閉じる

ニュース・フラッシュ

2011年1月10日 バンクーバー 片山弘行

加:Vale、Voisey’s Bay鉱山労働者との労働協議再開するも不調

 カナダ・ニューファンドランド-ラブラドル州でVoisey’s Bayニッケル-銅-コバルト鉱山を操業しているVale Newfoundland and Labrador Ltd.(以下、Vale)は、2009年8月1日からストライキを継続している鉄鋼労働組合(United Steelworkers、以下USW)第9508支部加盟の労働者(全従業員約180名のうち約120名が加盟)と州政府指名の調停者立会いの下、2011年1月5日に雇用契約に関する協議を再開したが、1月6日、協議は物別れに終わったことを明らかにした。
 両当事者による労働協議は、州政府設置のVoisey’s Bay労働調査委員会(Voisey’s Bay Industrial Inquiry Commission)により2010年12月23日に州政府に提出された第一次調査報告書に対して、1月中旬までに何らかの回答が求められていることから再開されたものであり、前回2010年10月に協議されて以来2か月ぶりのものであった。
 今回物別れに終わった協議に関してValeは、USWが要求していた賃上げ額より大きな額を提示していたにもかかわらず、雇用契約の期限に関して両者の折り合いがつかなかったことを明らかにした。

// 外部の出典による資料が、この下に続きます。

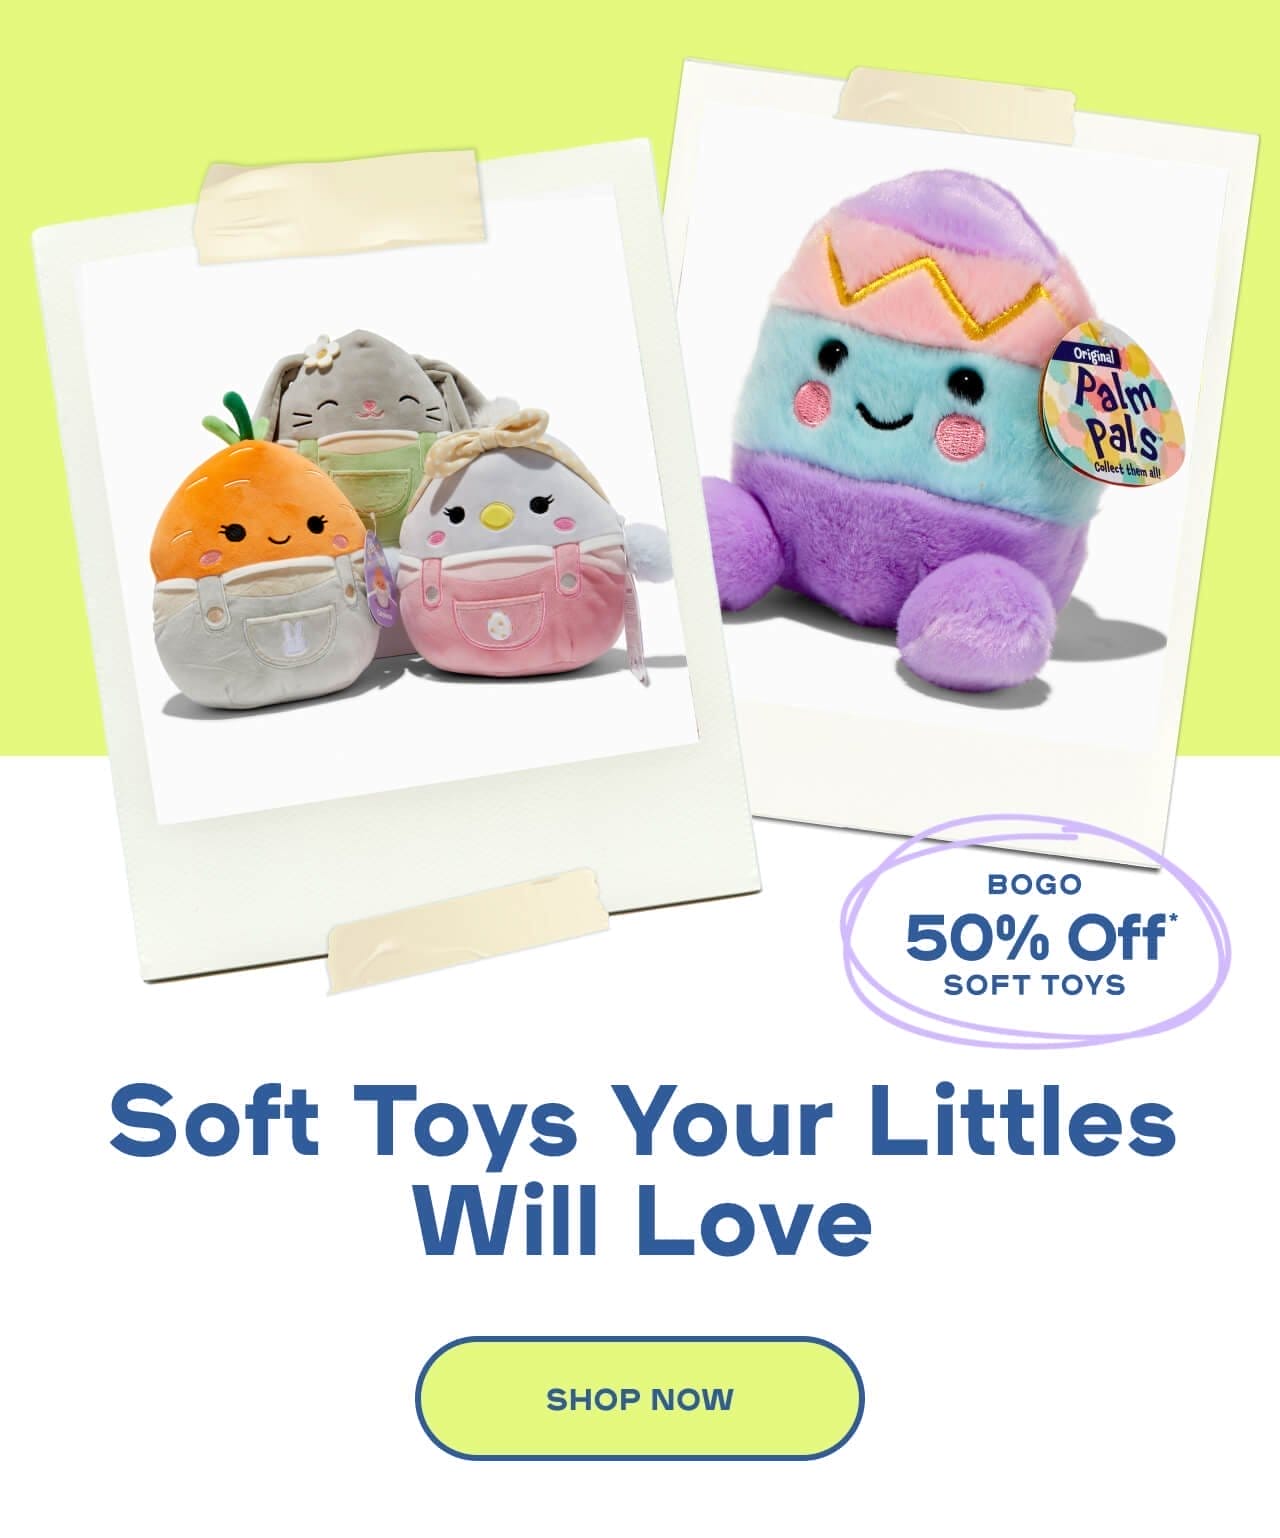 Soft Toys Your Littles Will Love- BOGO 50% Off* Soft Toys - SHOP NOW
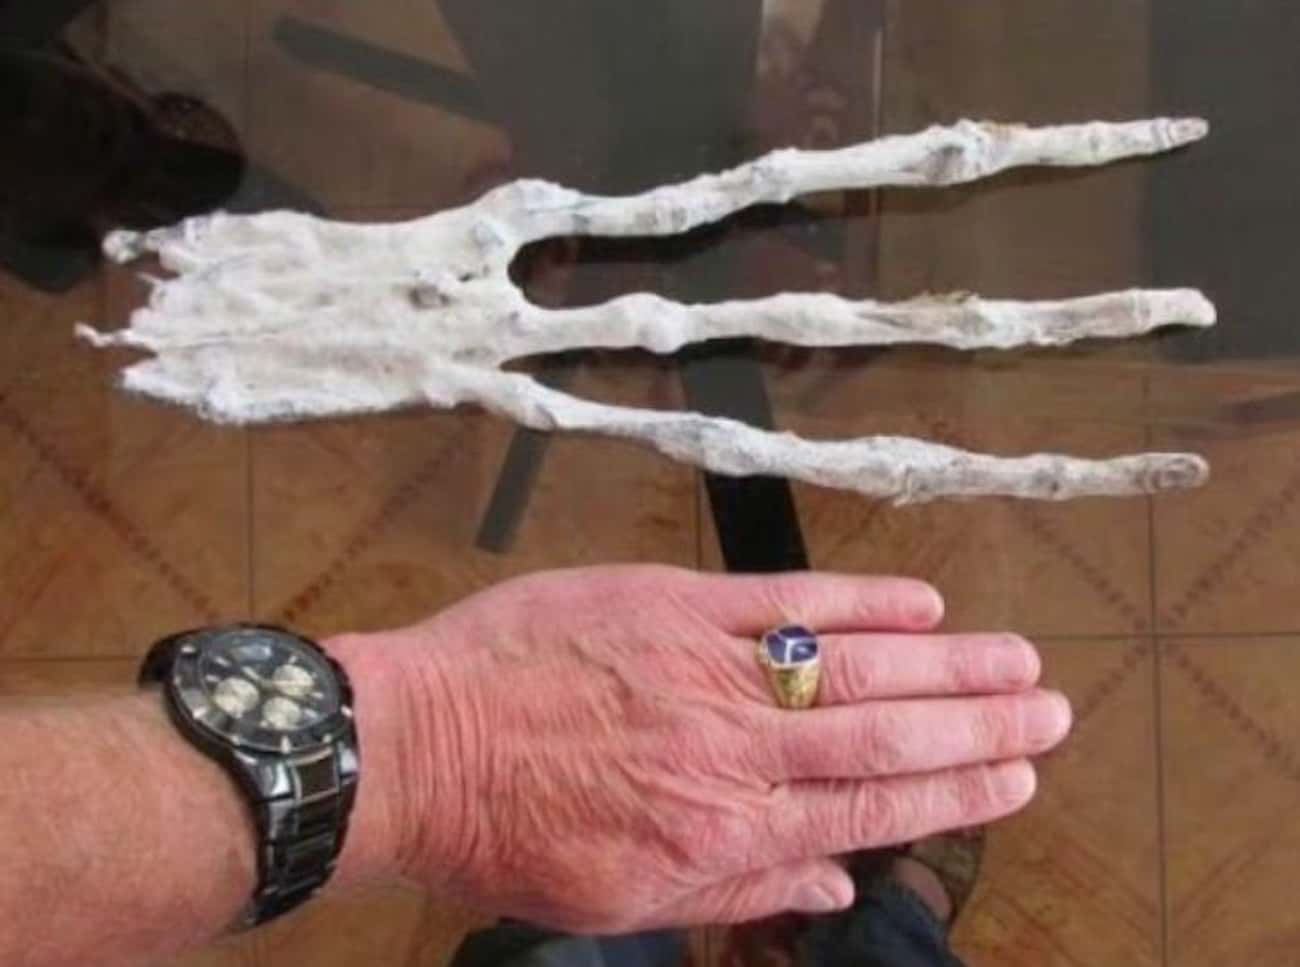 The Hand Has 8-Inch Long Fingers With Fingernails

具体的には、Sudbury鉱山の労働者と歩調を合わせるためにSudburyでの雇用契約と期限を一致させることで、より大きな交渉力を得たい労働者側と、Sudburyとは交渉を別にしたいVale側の隔たりが埋められなかったとのことである。また、Valeは調査委員会の報告書は不十分な分析に基づくものであるとの声明を発表している。一方で、USWは1月6日付けニュースリリースでValeの態度に落胆の意を表明している。
 Voisey’s Bay労働調査委員会は、本件に関する最終報告書を2011年2月25日までに提出することとし、それを受けて州政府は、委員会の裁定に従うよう両者に勧告するか、仲裁に持ち込むかを決定することとなる。